> **Task item**: Without the pictures, write the listing out again exactly as it appears.

> **Data section**:
______________________________

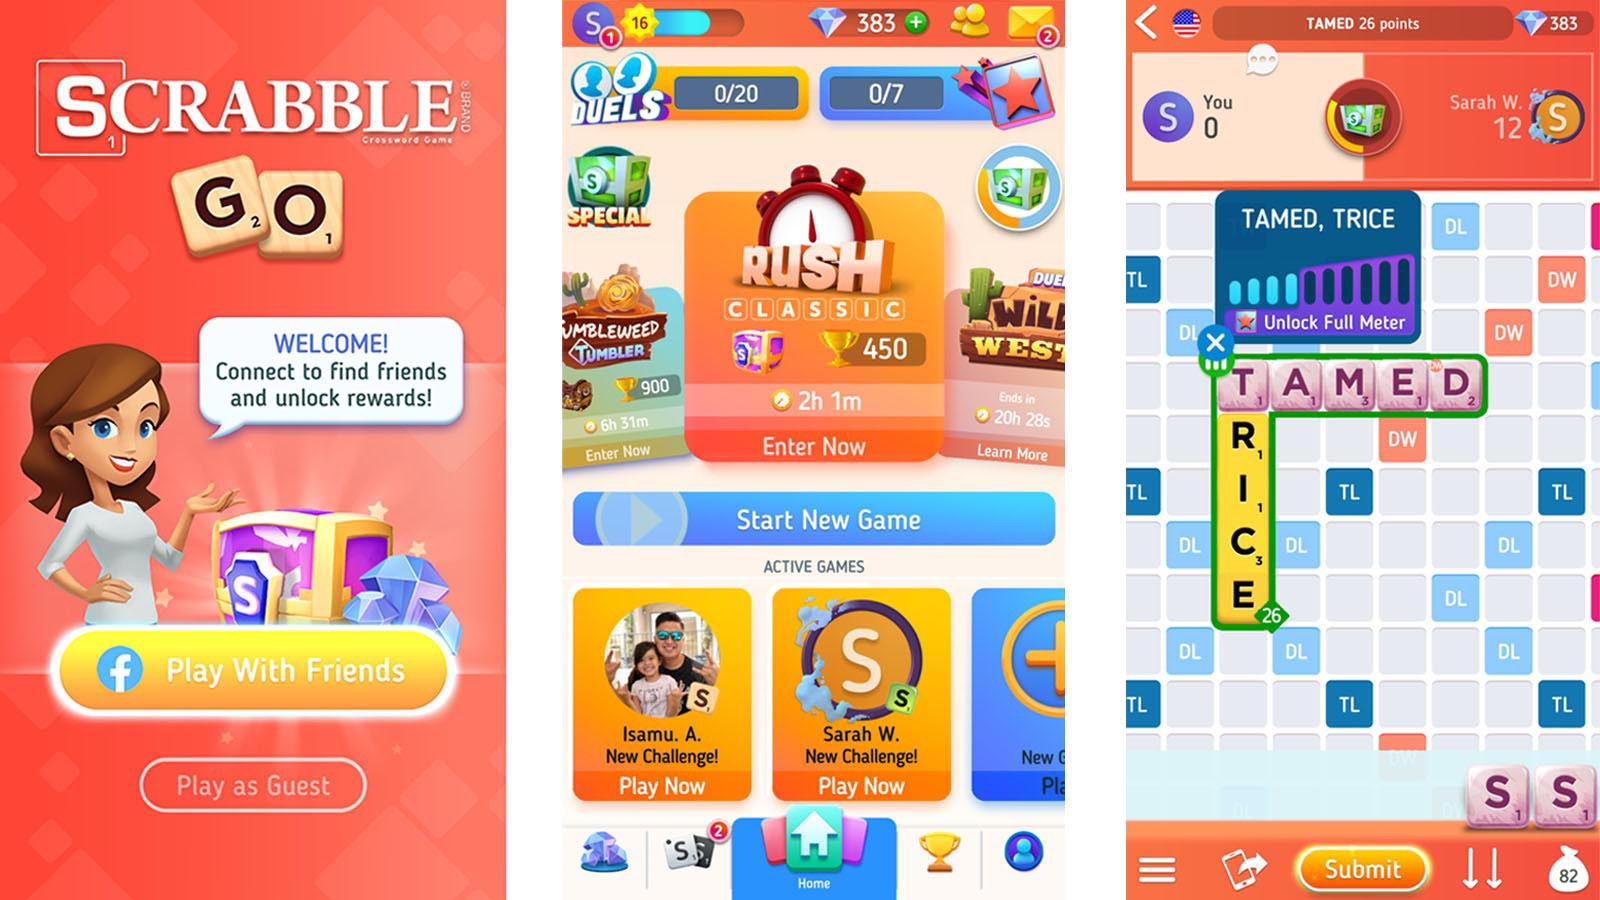 Scrabble Go game screenshots
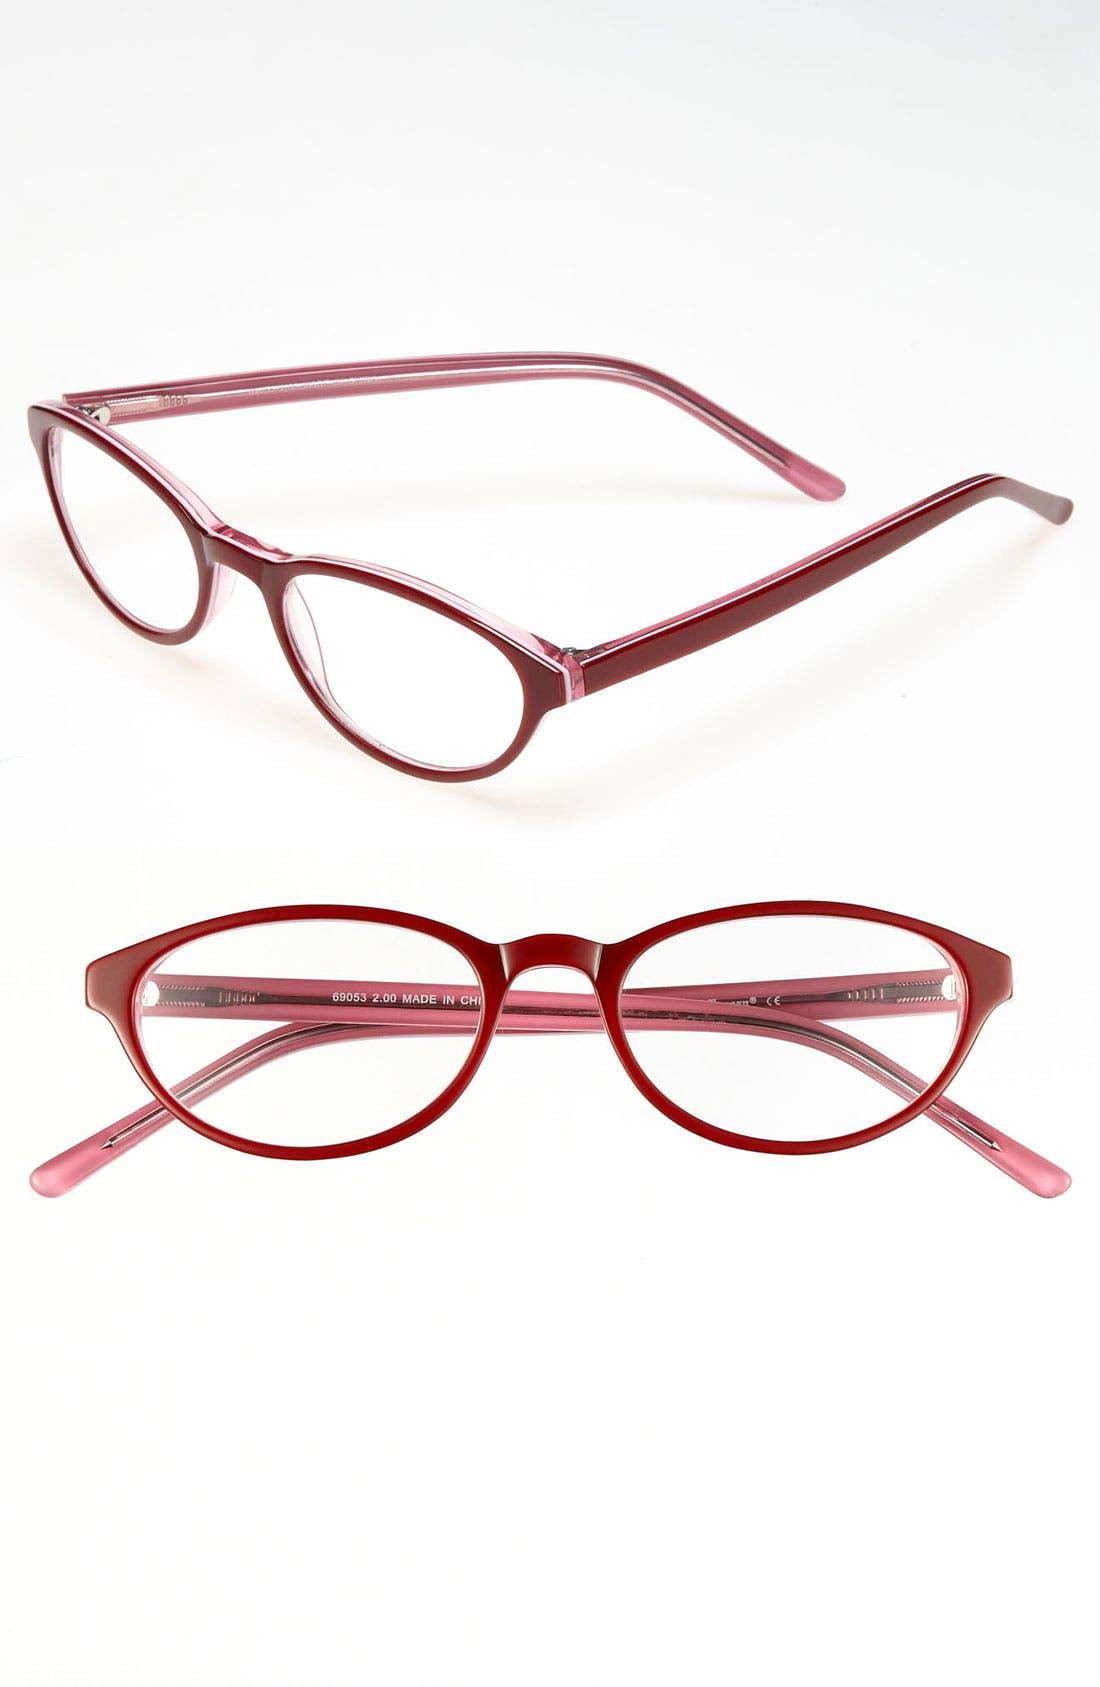 Alternate Image 1 Selected - A.J. Morgan Reading Glasses
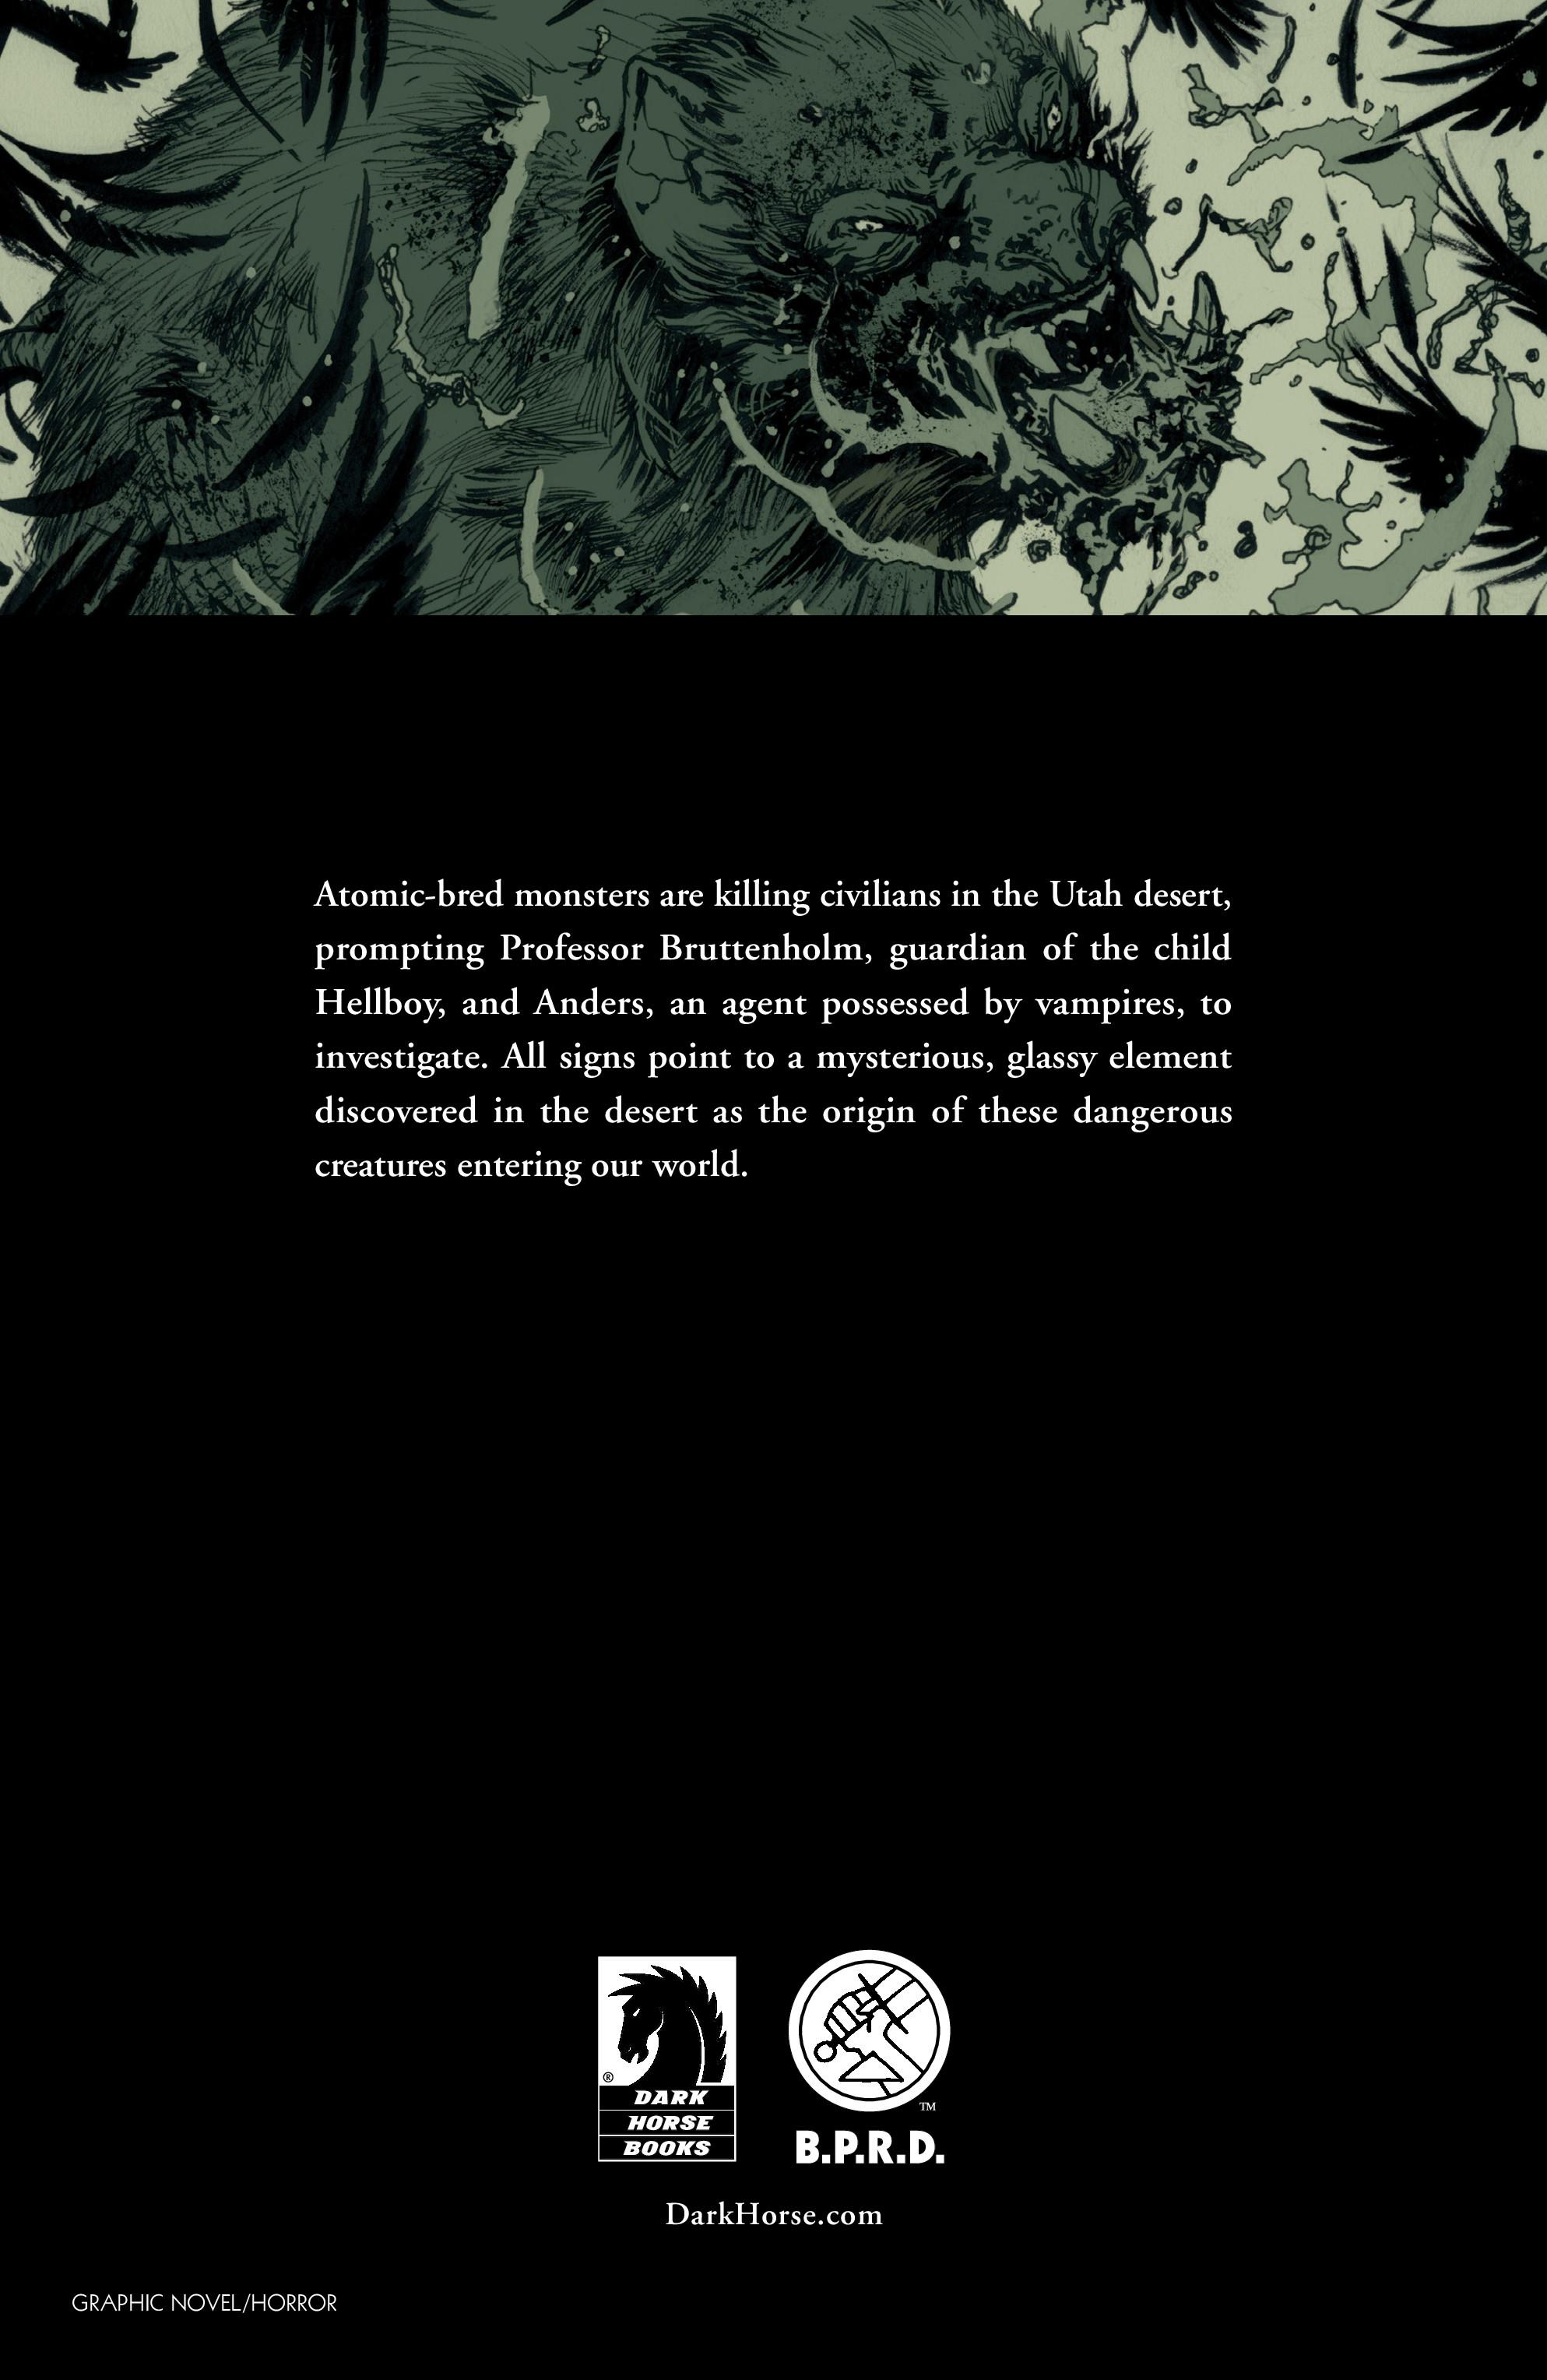 Read online B.P.R.D.: 1948 comic -  Issue # TPB - 143

______________________________

> **Output of the exercise**:
 Scrabble Go game screenshots
 Alternate Image 1 Selected - A.J. Morgan Reading Glasses
 Read online B.P.R.D.: 1948 comic -  Issue # TPB - 143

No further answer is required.